Popular Art from Early Modern Korea
Through April 24
Korea Foundation Gallery | Gallery 236
In the 1960s, practitioners of Pop Art looked toward everyday commodities and commercial images for inspiration. Such an artistic spirit that challenged the rigid concept between high- and lowbrow arts in fact had long existed in Korean art, flourishing in the late 1800s and early 1900s.
Migrations of Memory––The Poetry and Power of Music
平沙落雁 — 音樂的詩意與力量
Through May 1
Clara T. Rankin Galleries of Chinese Art | Gallery 240A
An installation by Peng Wei in collaboration with the Cleveland Museum of Art. Surrounded by classical Chinese paintings and instruments from the museum’s collection, the central installation Migrations of Memory—Wild Geese Descend on Level Sands (平沙落雁) by contemporary Chinese artist Peng Wei addresses the vital role of music and the arts during the COVID-19 pandemic. Made of music stands, letters by Western composers and paintings, Peng Wei’s installation is dedicated to the Cleveland Orchestra and musicians worldwide. This exhibition is accompanied by a free, fully illustrated booklet.
Through May 31
Gallery 116
Artwork from the Islamic world is as diverse and vibrant as the peoples who produced it. The objects presented in this gallery were created during the 8th through 19th centuries, a period of great cultural and geographic expansion. As a result, these works represent a vast area including Spain, North Africa, the Middle East and Central Asia. While these pieces originate within the Islamic world, they reflect the unique artistic and cultural traditions of disparate regions.
Through December 4
Sarah P. and William R. Robertson Gallery | Gallery 231
Works on display in the Native North American gallery include a group of objects from the Great Plains—a child’s beaded cradle; a woman’s hair-pipe necklace, one of the most memorable of Plains ornaments; and several beaded or painted bags that served varied purposes. A basket rotation features creations that Timbisha Shoshone (Panamint) weavers of California’s Death Valley made for the early 20th-century collector’s market. Finally, for the first time in at least 20 years, two works by contemporary Inuit artists of the Canadian Arctic make an appearance. One is a 1972 stonecut print by Alec (Peter) Aliknak Banksland, a founding member of the Holman Eskimo Arts Cooperative, now the Ulukhaktok Arts Centre in Ulukhaktok, Canada.
Through December 4
Jon A. Lindseth and Virginia M. Lindseth, PhD, Galleries of the Ancient Americas | Gallery 232
The textiles represent several different civilizations that flourished in the ancient Andes, today Peru and parts of adjacent countries. Though unrelated by cultural affiliation, they are unified by being special in some way, whether through rarity, complexity of execution or luxuriousness of materials.
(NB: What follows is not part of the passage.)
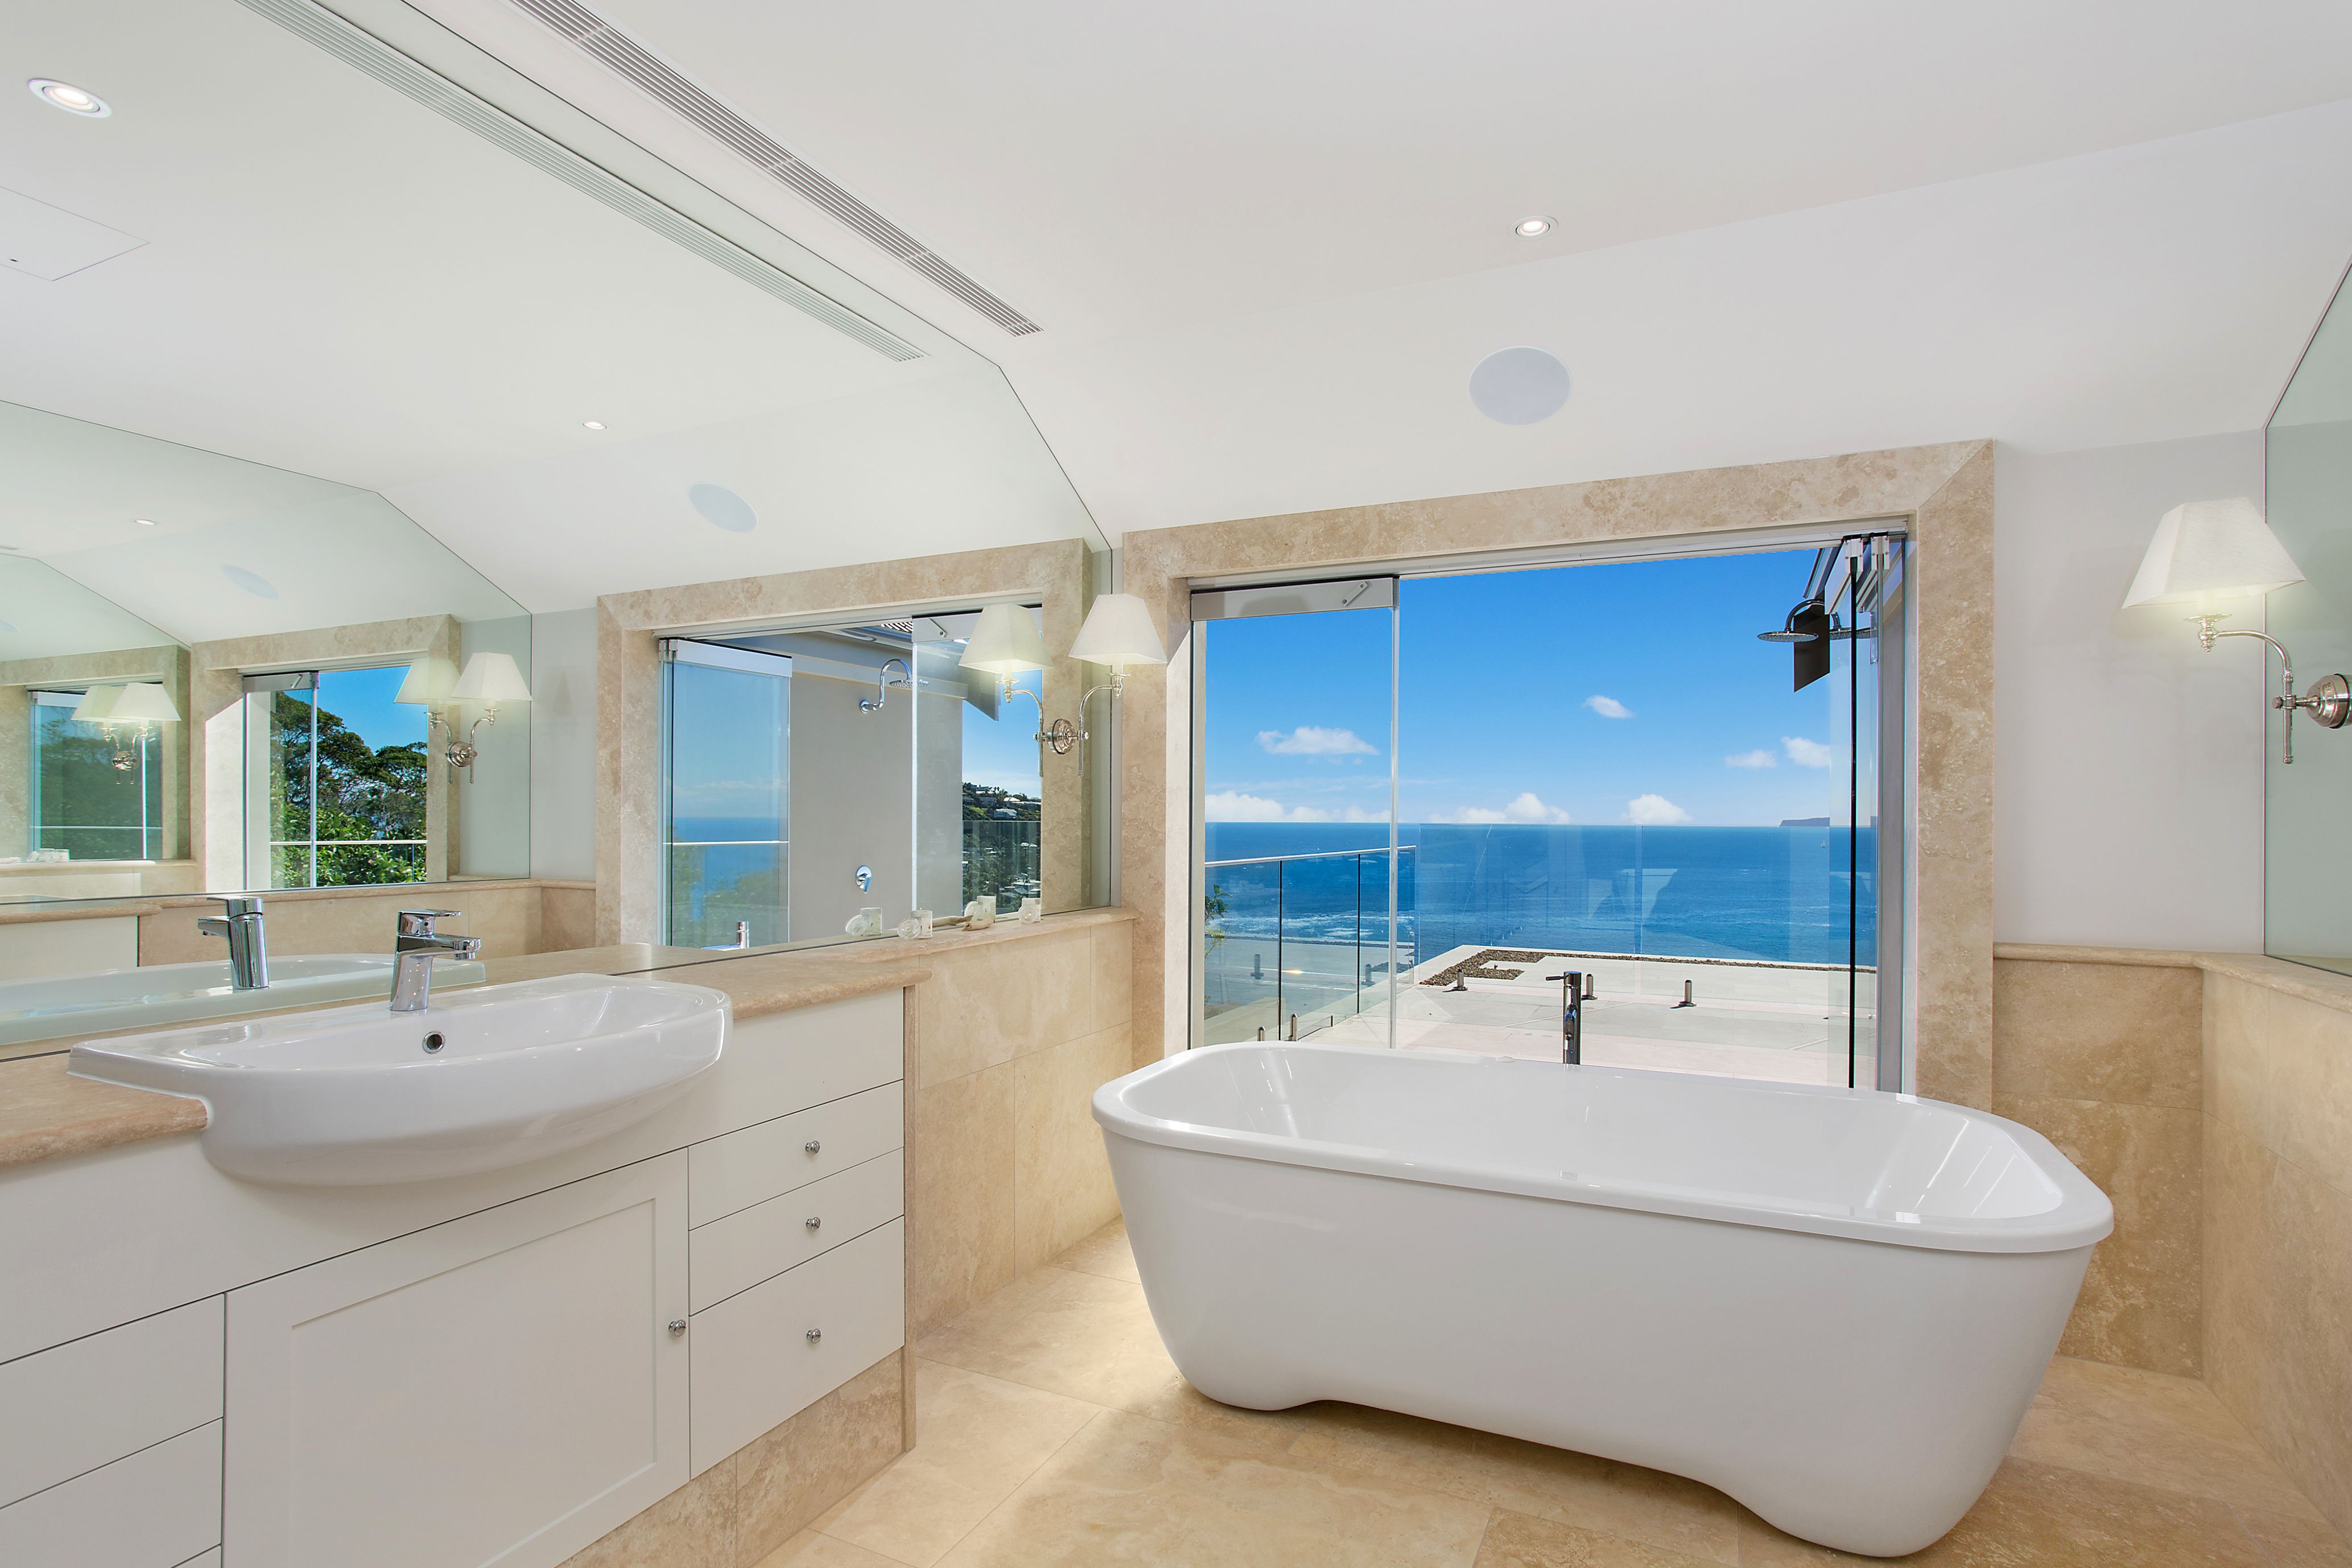 Stunning Beach Style Bathroom Designs

Arts of Africa: Gallery Rotation
Through December 18
Galleries 108A–C
Seventeen rarely seen or newly acquired works are installed in the African arts galleries. These 19th- to 21st-century works from northern, central and western Africa support continuing efforts to broaden the scope of African arts on view at the CMA.
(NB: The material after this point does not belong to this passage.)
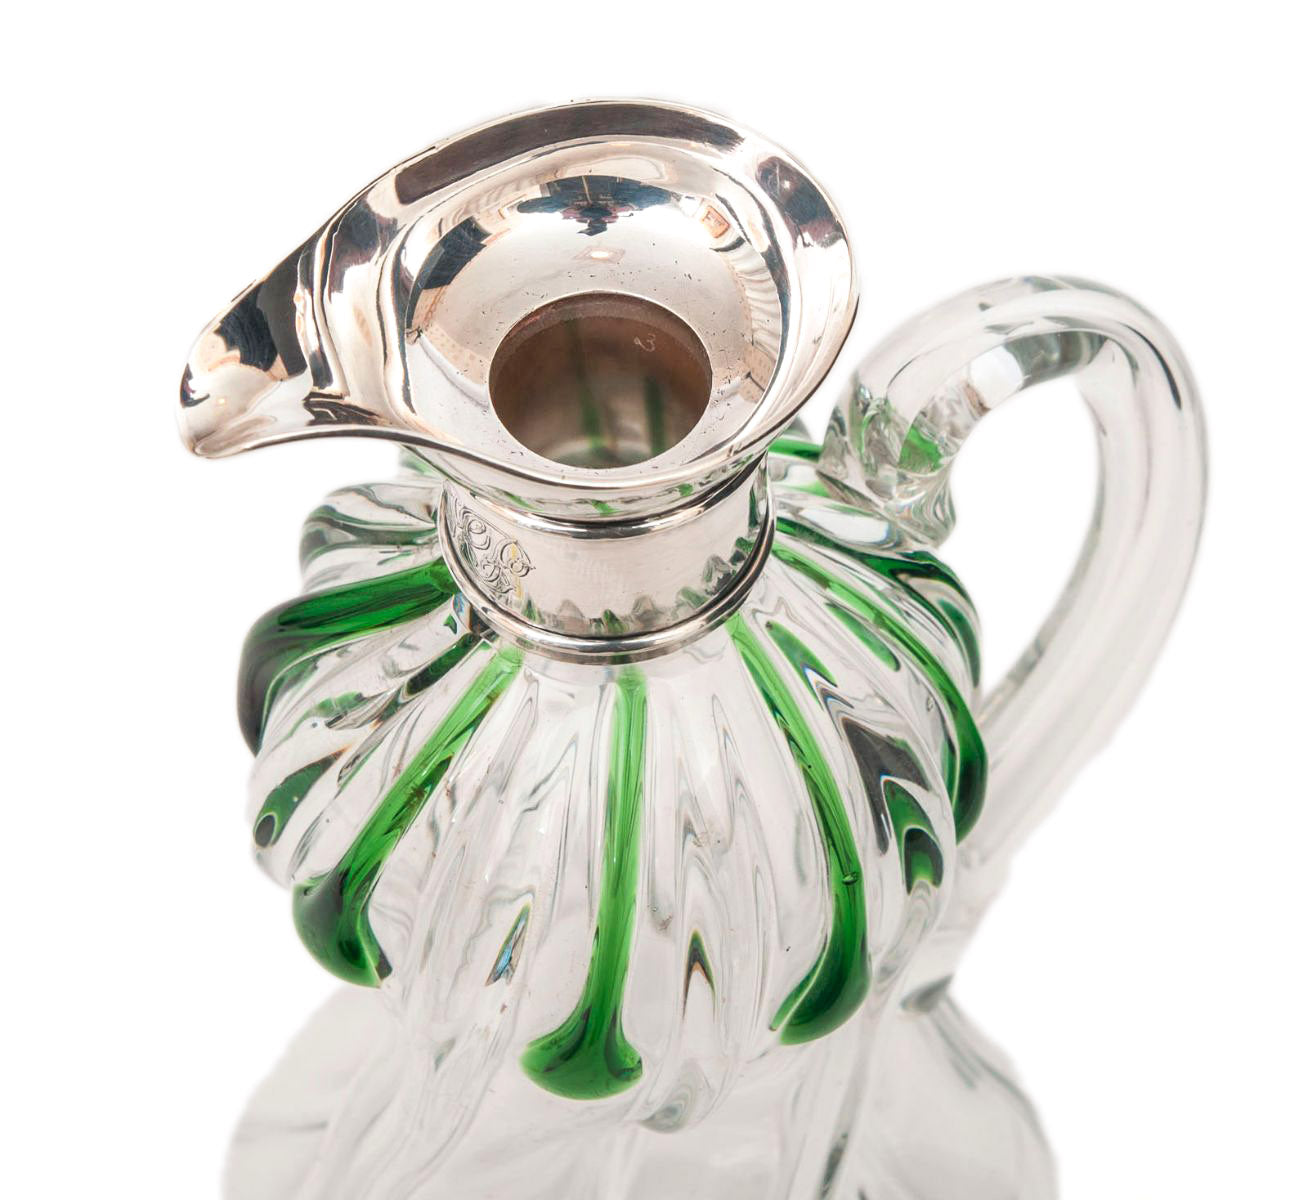 Antique Stuart Crystal Art Nouveau Silver & Green Glass Cairngorm Drop Decanter (Code 8265)

Image courtesy Cleveland Museum of Art: Four Seasons: Summer: Harvest Scene, late 1600s–early 1700s. Gobelins Manufactory (France, Paris, est. 1662). Wool, silk, and gold filé: tapestry weave; 252.7 x 255.3 cm. The Cleveland Museum of Art, Gift of Francis Ginn, Marian Ginn Jones, Barbara Ginn Griesinger, and Alexander Ginn in memory of Frank Hadley Ginn and Cornelia Root Ginn.